• [EXERCISE AIM]:
Exactly as they appear below, repeat the lines from the one with "Japan 1982 Space" through the one with "Landscape photograph capturing". Drop every picture.

___ EXTRACTED RECORDS

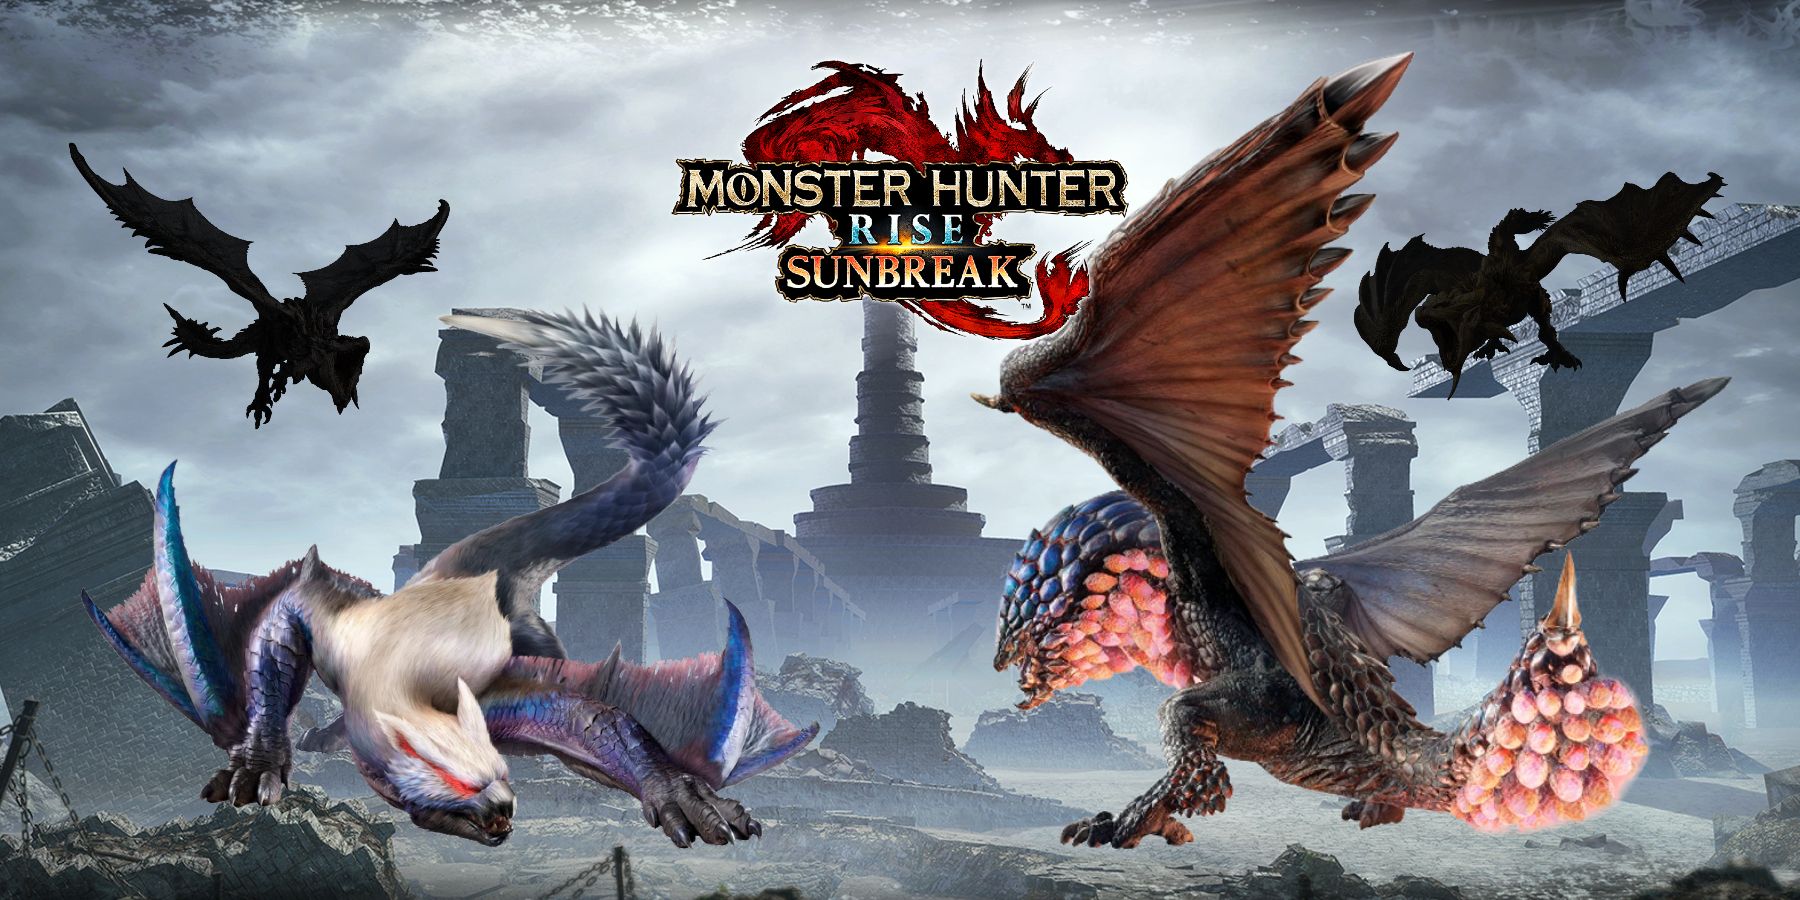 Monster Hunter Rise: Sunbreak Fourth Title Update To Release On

______
___ EXTRACTED RECORDS

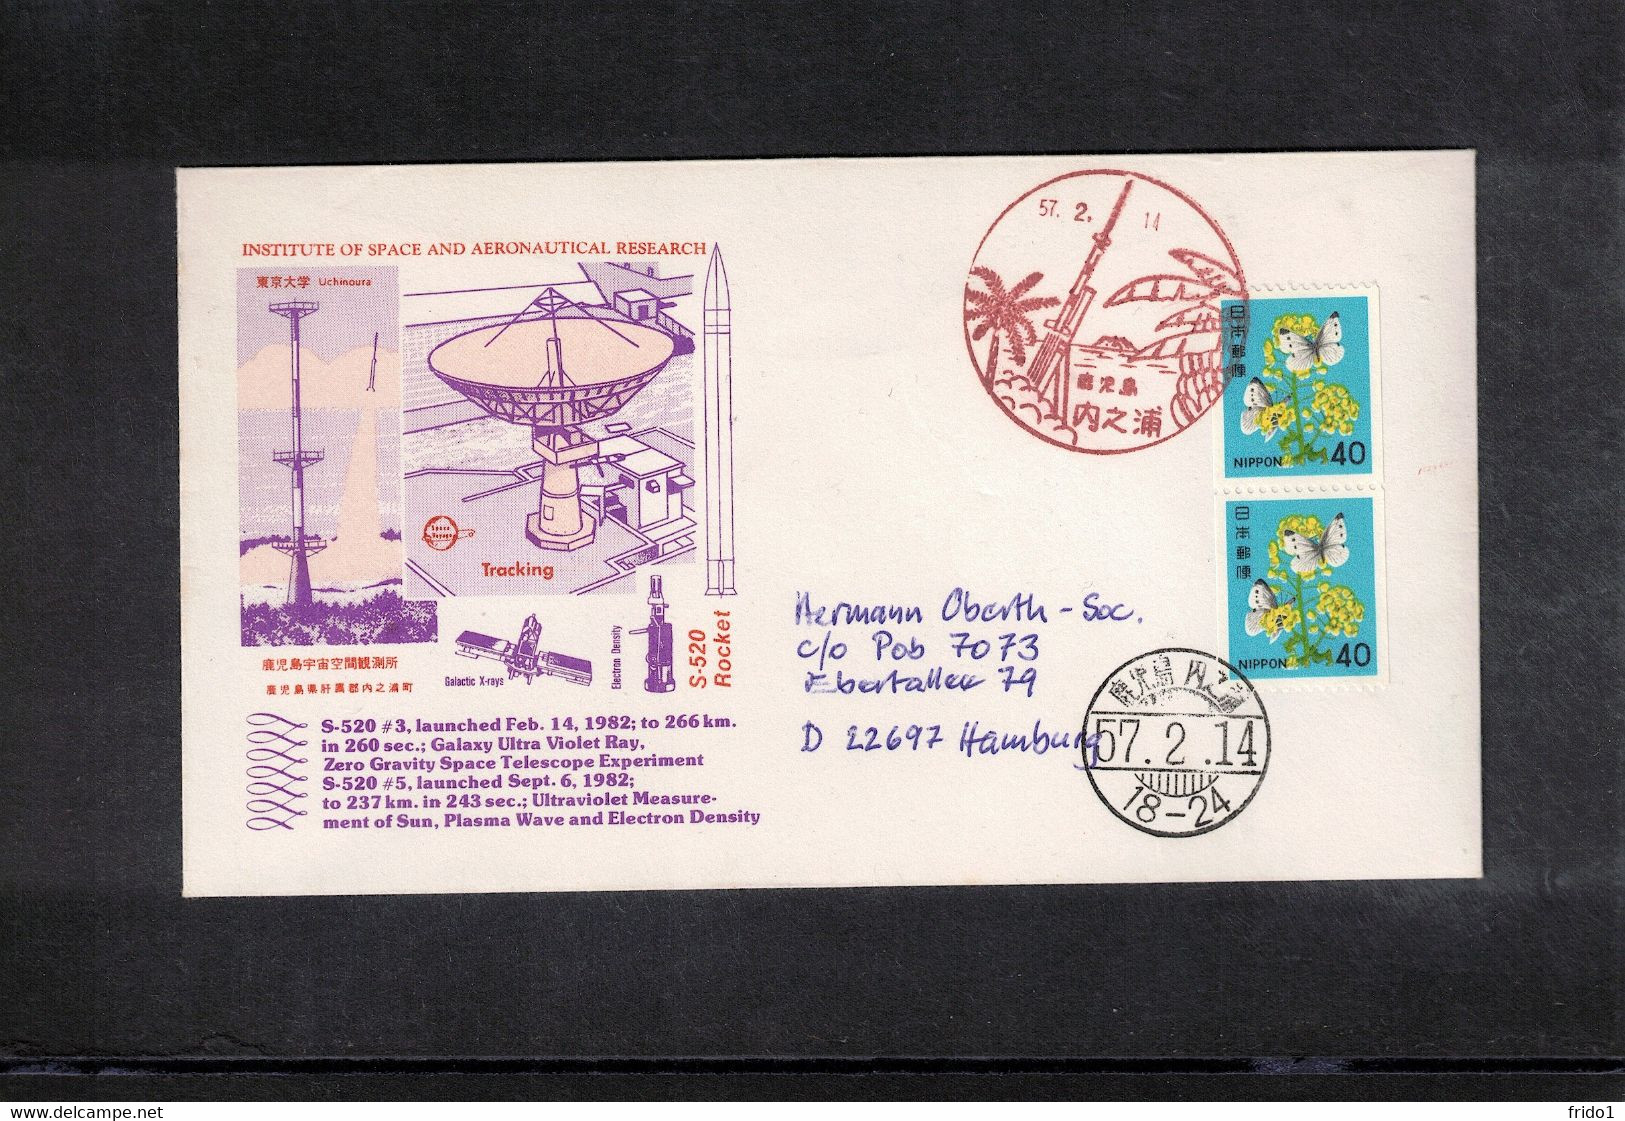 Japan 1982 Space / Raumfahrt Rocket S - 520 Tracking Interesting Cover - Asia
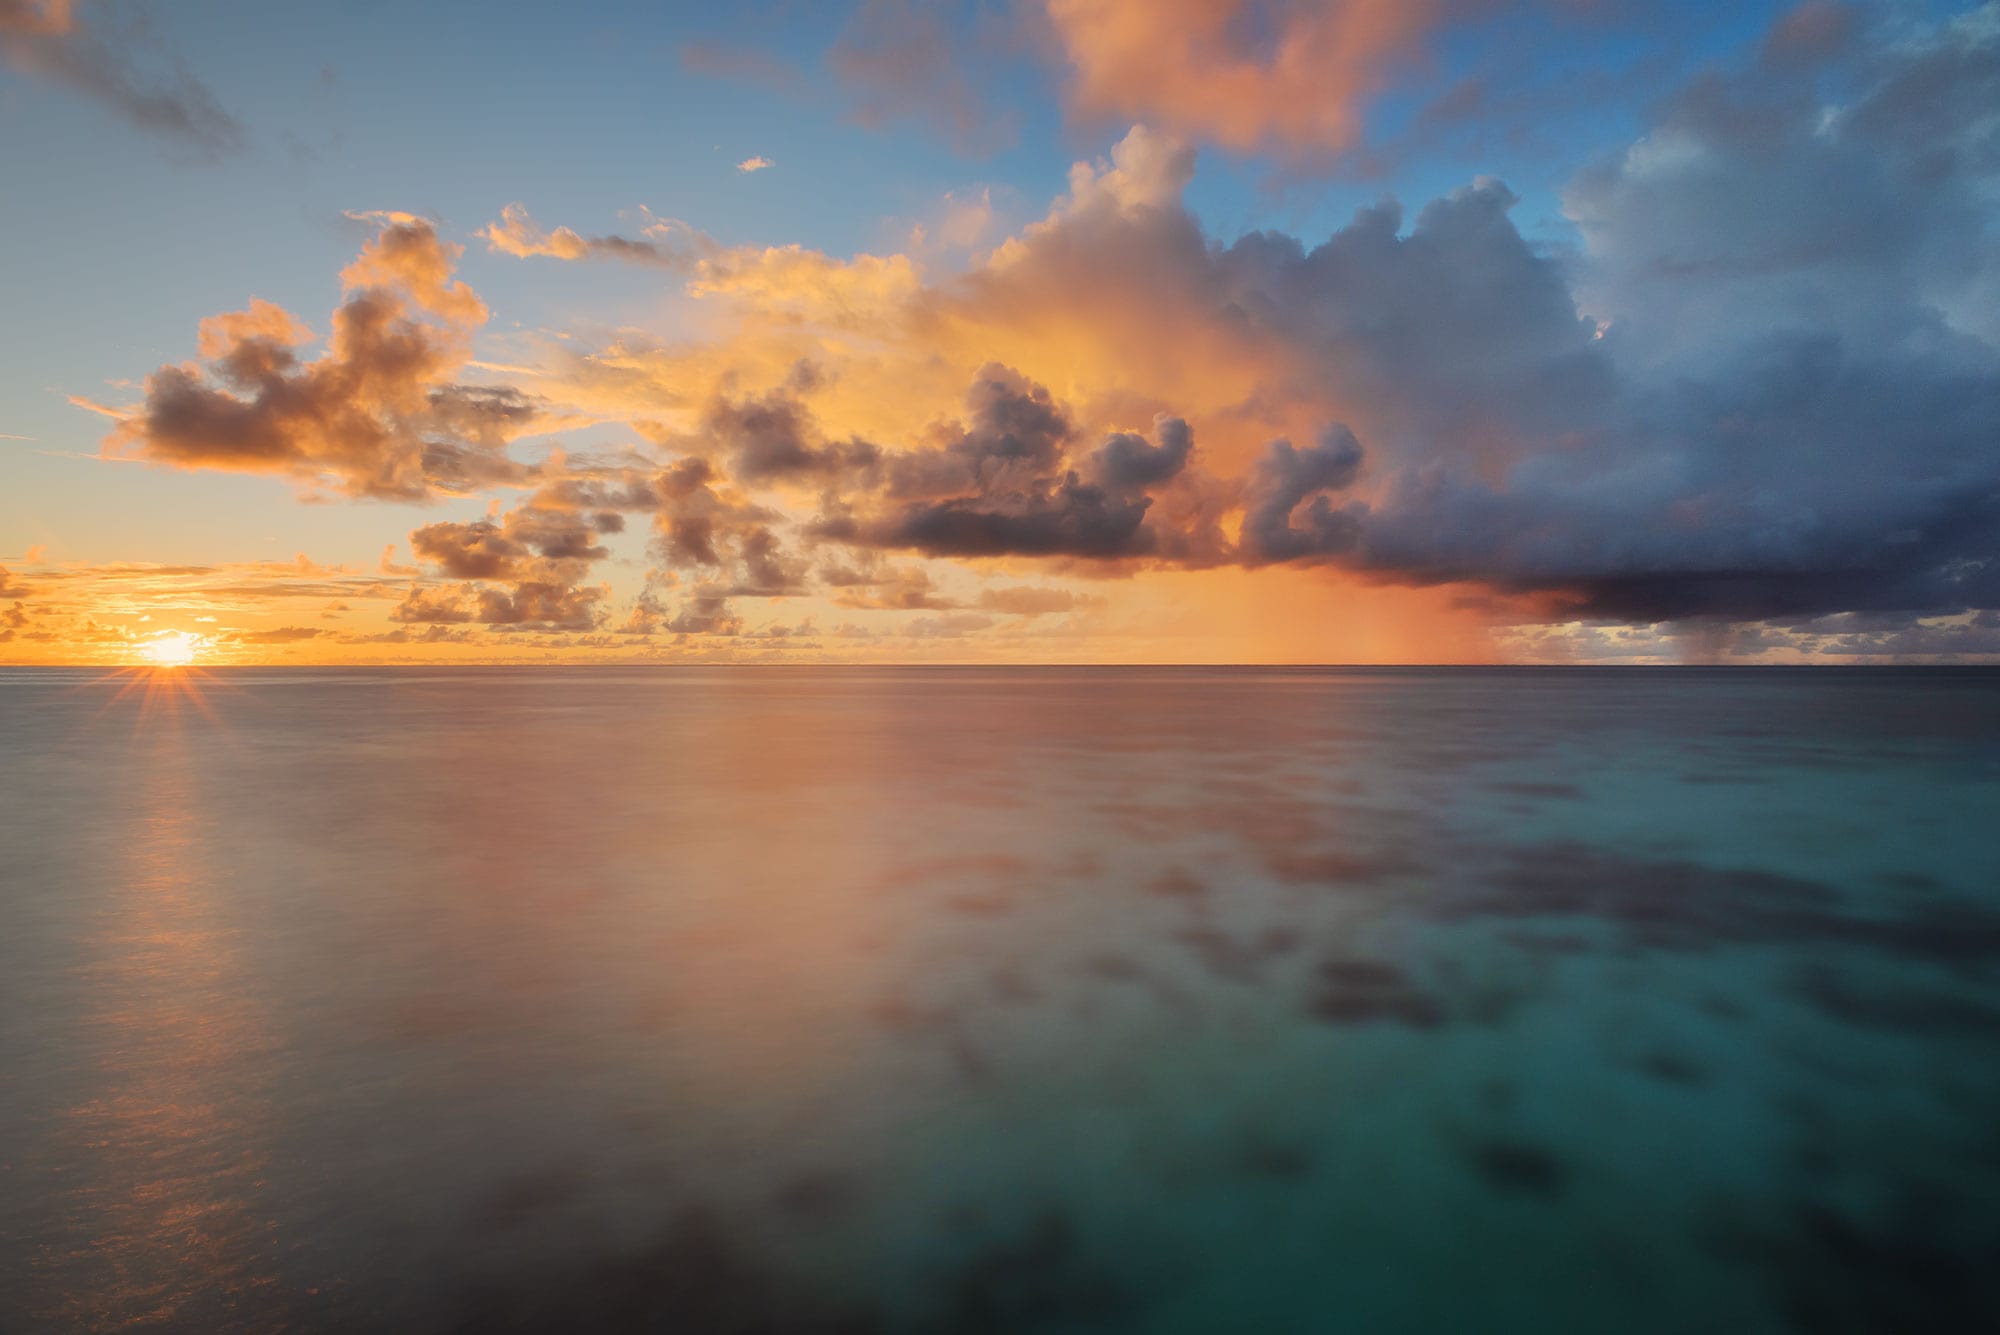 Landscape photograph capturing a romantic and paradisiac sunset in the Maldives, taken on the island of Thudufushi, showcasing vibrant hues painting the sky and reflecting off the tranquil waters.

______

• [RESPONSE TO THIS TASK]:
 Japan 1982 Space / Raumfahrt Rocket S - 520 Tracking Interesting Cover - Asia
 Landscape photograph capturing a romantic and paradisiac sunset in the Maldives, taken on the island of Thudufushi, showcasing vibrant hues painting the sky and reflecting off the tranquil waters.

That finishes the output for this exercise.